Menjadi pemimpin alternatif pilihan rakyat memang tidak mudah, apalagi bagi tokoh muda negeri ini. Tokoh muda harus mempunyai kriteria pemimpin yang ideal antara lain berdasarkan Saiful Mujani adalah, bisa dipercaya (integritas), tenggang rasa pada rakyat, punya penampilan berwibawa, cukup lezat dilihat, dan dinilai bisa memimpin untuk mengatasi masalah-masalah yang dirasakan paling mendesak oleh rakyat, terutama yang berkaitan dengan ekonomi (kompetensi). Selain kapasitas personal tersebut, harus diakui bahwa dari segi popularitas tokoh muda jauh ketinggalan dibandingkan dengan tokoh-tokoh yang sudah populis dimana didominasi oleh kaum tua. Sebut saja Amin Rais, Sutiyoso, Sultan Hamengkubuwono, Megawati, dan SBY-JK. Untuk mendongkrak popularitas, media merupakan wadah yang belum tergantikan kiprahnya hingga ketika ini. Di samping itu juga, tokoh-tokoh muda juga harus bisa membangun jaringan lintas organisasi mahasiswa dan kepemudaan baik regional maupun nasional, organisasi keprofesian, ormas serta membangun jaringan lintas partai.
KAMMI dan Kepemimpinan Alternatif
Menjadi menarik jikalau ihwal kepemimpinan alternatif ini direfleksikan dalam konteks suksesi kepemimpinan pada organisasi mahasiswa yang berjulukan Kesatuan Aksi Mahasiswa Muslim Indonesia (KAMMI).

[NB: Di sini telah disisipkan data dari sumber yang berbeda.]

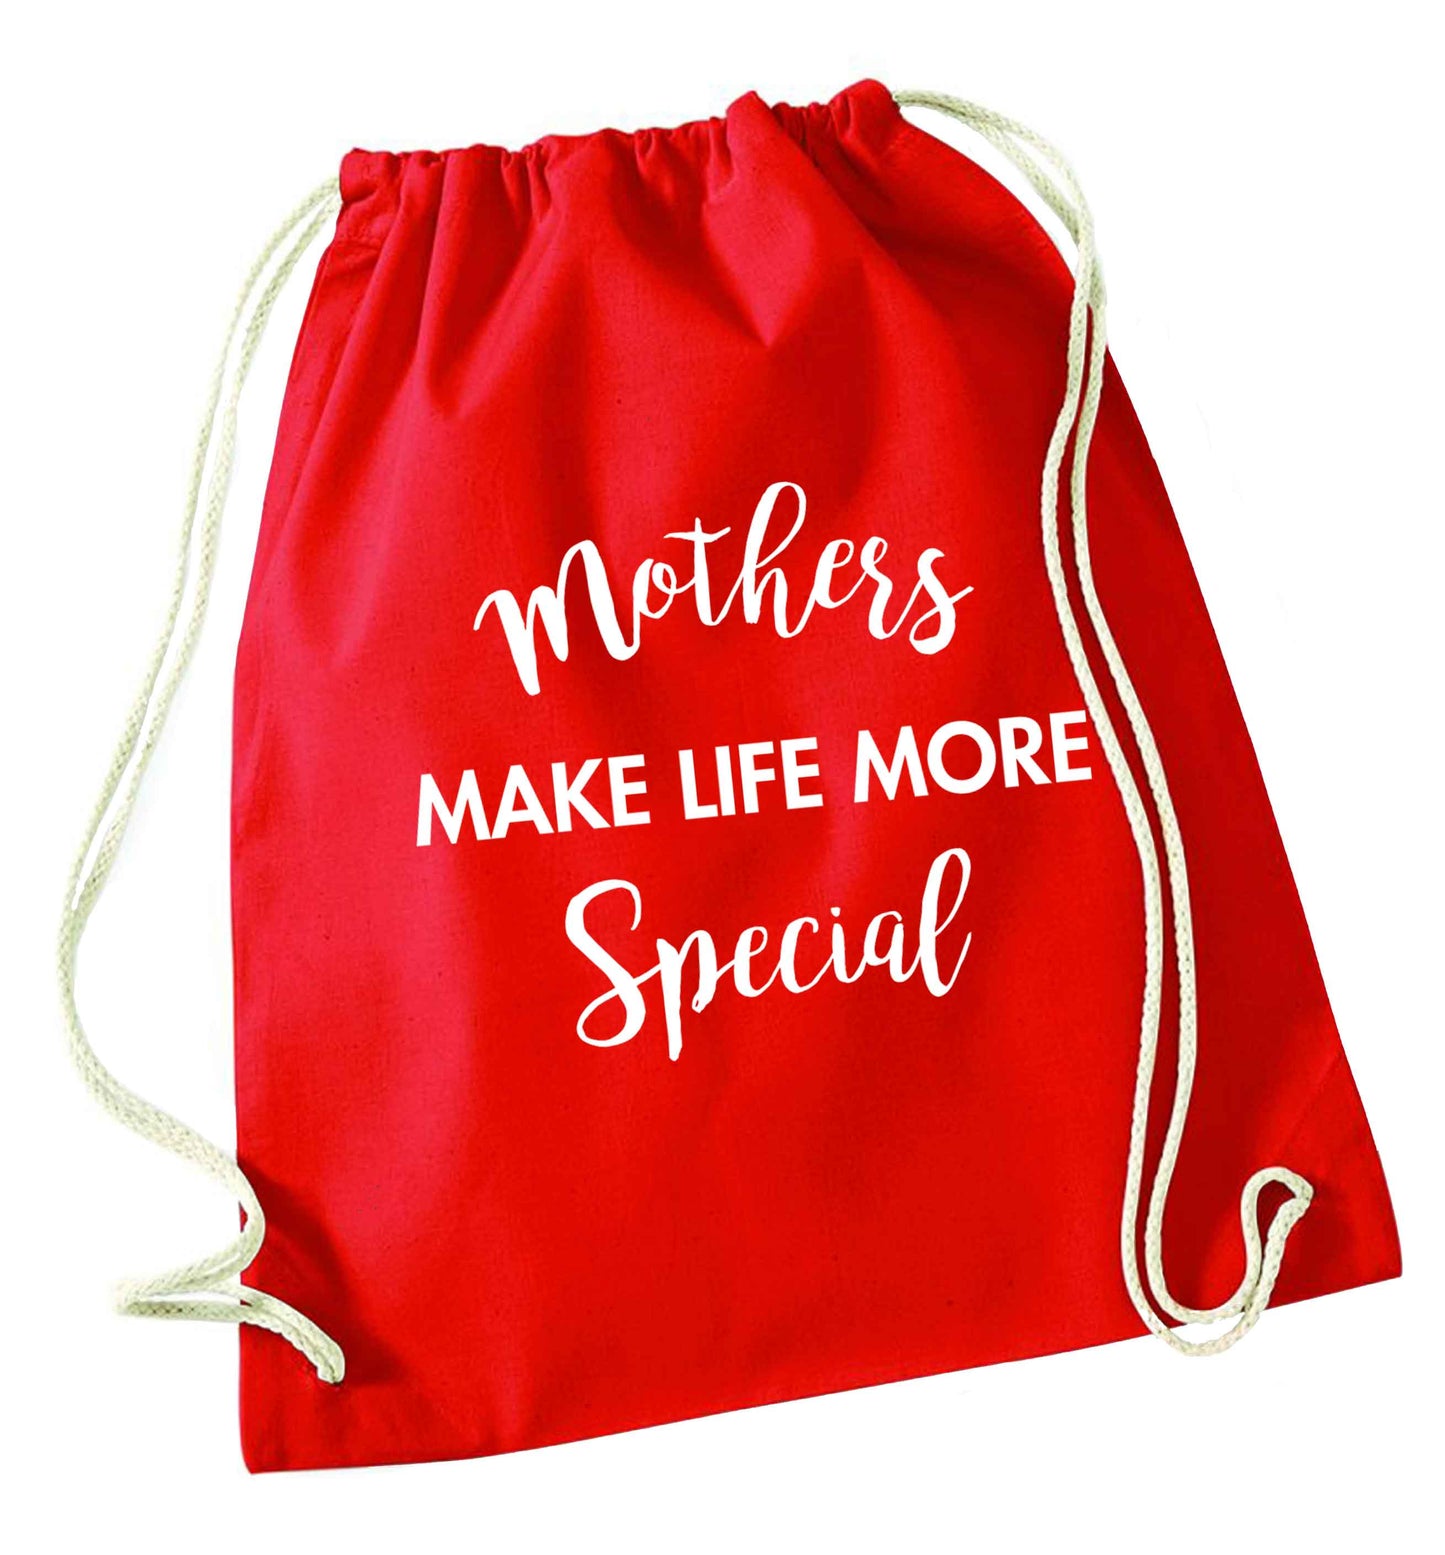 Mother's make life more special red drawstring bag

Dalam pemahaman saya, KAMMI sebagai basis kader muda bangsa harus mencitrakan dirinya sebagai basis kepemimpinan alternative. Sebagaimana yang kita pahami, bahwa kepemimpinan alternative yaitu mereka yang mempunyai tipologi atau contoh kepemimpinan transformatif dan transaksional. Kepemimpinan transformatif yaitu pemimpin yang yang bisa mendesain visi pribadi menjadi visi bersama serta menterjemahkannya ke dalam bentuk praksis atau kerja nyata. Kepemimpinan transaksional yaitu mereka yang berani melaksanakan kontrak politik dengan seluruh jajaran KAMMI yang ada di Indonesia. Selain itu juga, kepemimpinan transaksional harus bisa membuat sasaran yang terang terkait dengan pengembangan KAMMI ke depannya. Kepemimpinan alternative tidak lahir begitu saja, akan tetapi mereka harus bisa melewati ujian kepemimpianan dalam skala kepemimpinan terkecil. Setidaknya dengan ujian tersebut akan menjadi bekal mereka menuju kepemimpinan nasional. Sebagai ujian awal, beranikah calon ketua umum KAMMI melaksanakan kontrak politik dengan seluruh jajaran KAMMI seluruh Indonesia untuk membuat transparansi kebijakan selama menjabat ketua umum KAMMI? Kita tunggu saja nyali para kandidat!